Part:BBa_K2629000:Design
The goal of our detector is to reveal the presence of Pseudomonas aeruginosa in a sample thanks to the specific lysis by a bacteriophage. The design of this detector has been inspired by Cork Ireland 2015 team : they created different based on the perfect complementarity of the double strand DNA.

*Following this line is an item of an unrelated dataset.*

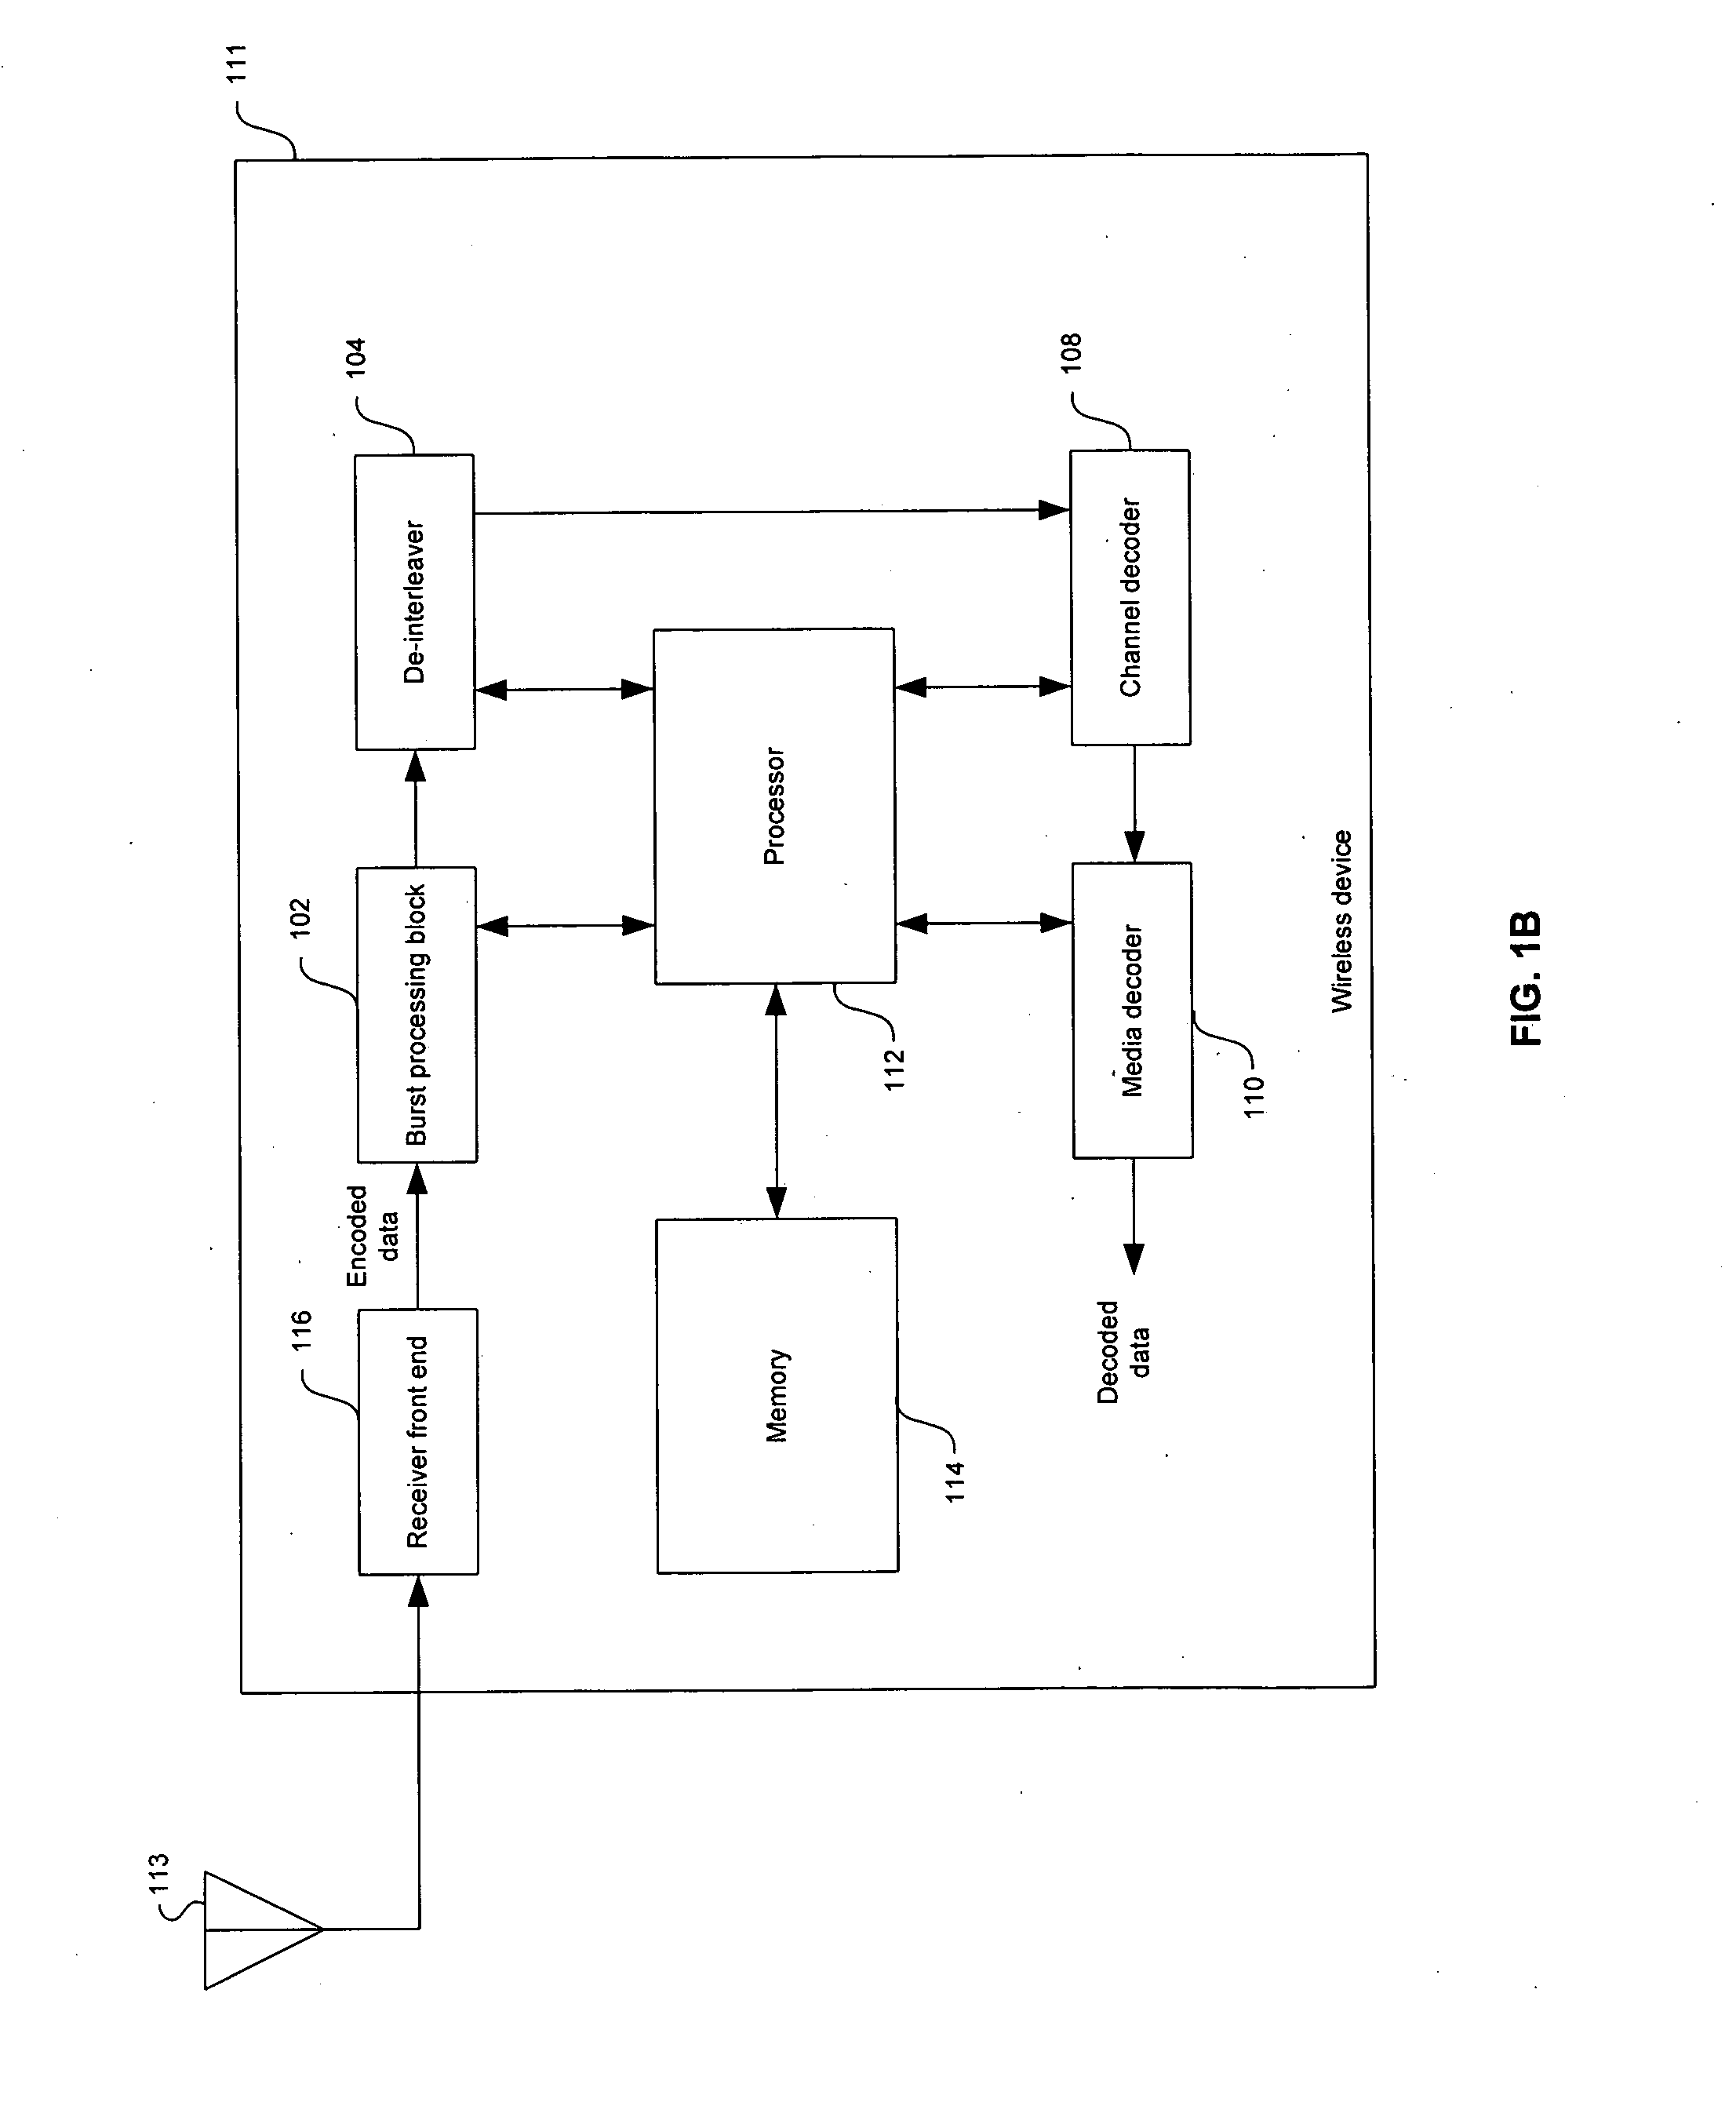 Method and system for decoding single antenna interference cancellation (SAIC) and redundancy processing adaptation using frame process
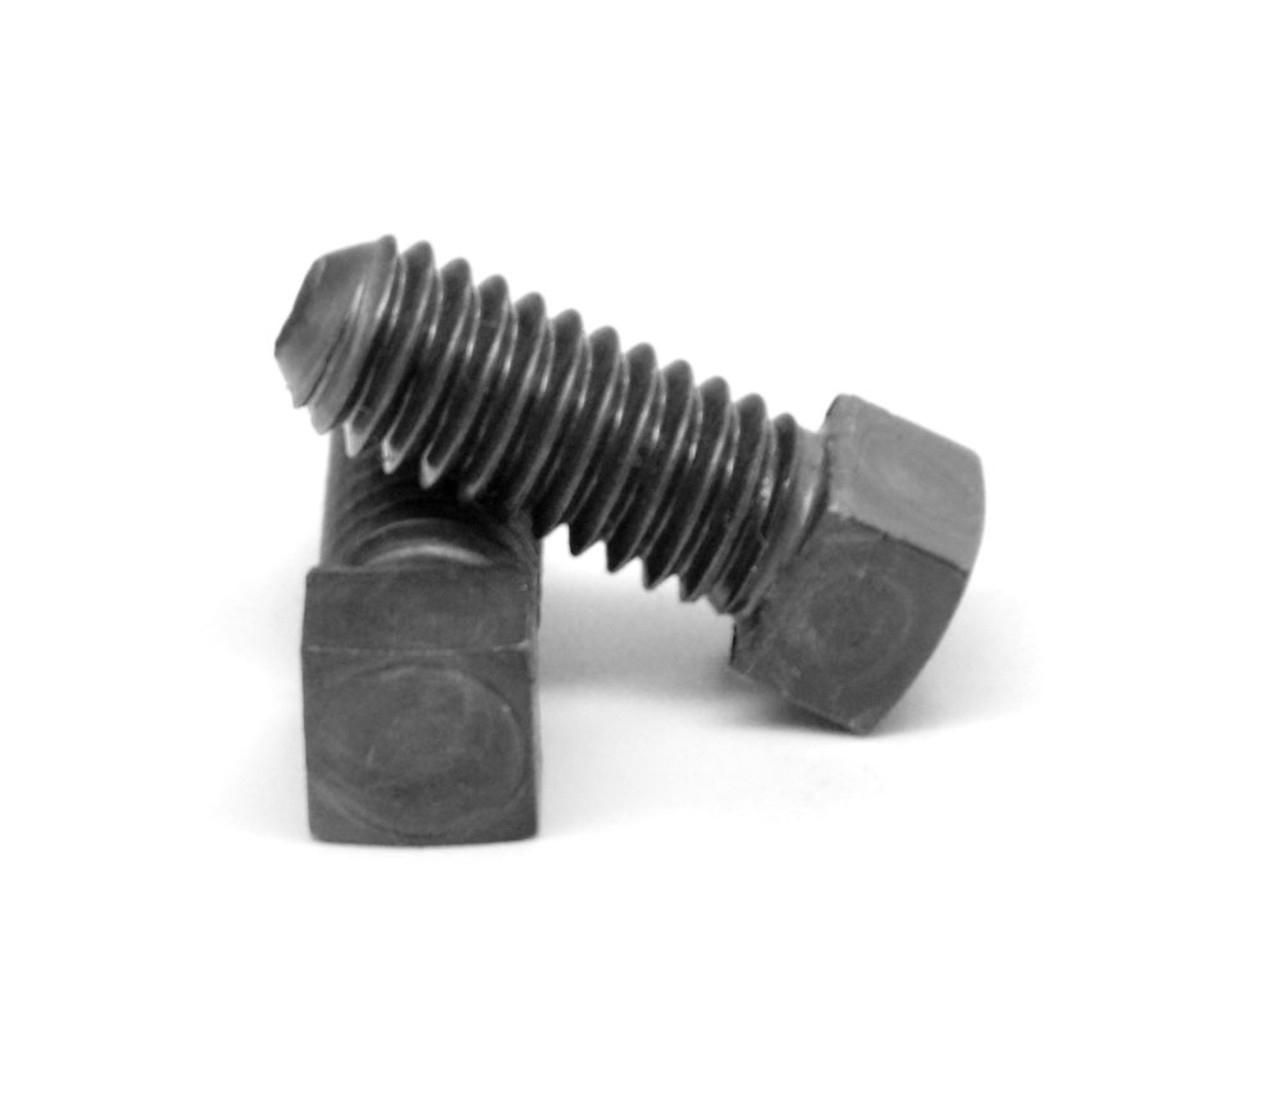 1/2"-13 x 9" (FT) Coarse Thread Square Head Set Screw Cup Point Low Carbon Steel Case Hardened Plain Finish

Thus, we - Grenoble team 2018 - decided to create a similar detector for Pseudomonas aeruginosa pathogen.
Design Notes
The probe is designed in order to detect a fragment less than 100 bp. The aim is to create a single strand window that enable the perfect hybridization of our choosen target. It is made by: → Two restrictions enzymes producing cohesives end, SphI and NgoMIV, which goal is to remove the little sequence in between on the bottom strand and thus create a perfect complementarity with the target. But at the end we trust that using PCR linearization could reduce the background of uncut plasmid. → Twi nicking enzymes, Nt.BspQ1 and Nb.BssS1, enzymes that cut one strand of the double DNA strand.
Source
The aim is to detect a small fragment of Pseudomonas aeruginosa DNA. The target was found in ProC gene (822bp) from PAO1 strain (GenBank : AAG03782.1) located in PA0393 locus. The target is located between nucleotide 766 and nucleotide 802. ProC is an housekeeping gene found in all Pseudomonas aeruginosa strains and not linked in pathogenic behavior of Pseudomonas aeruginosa.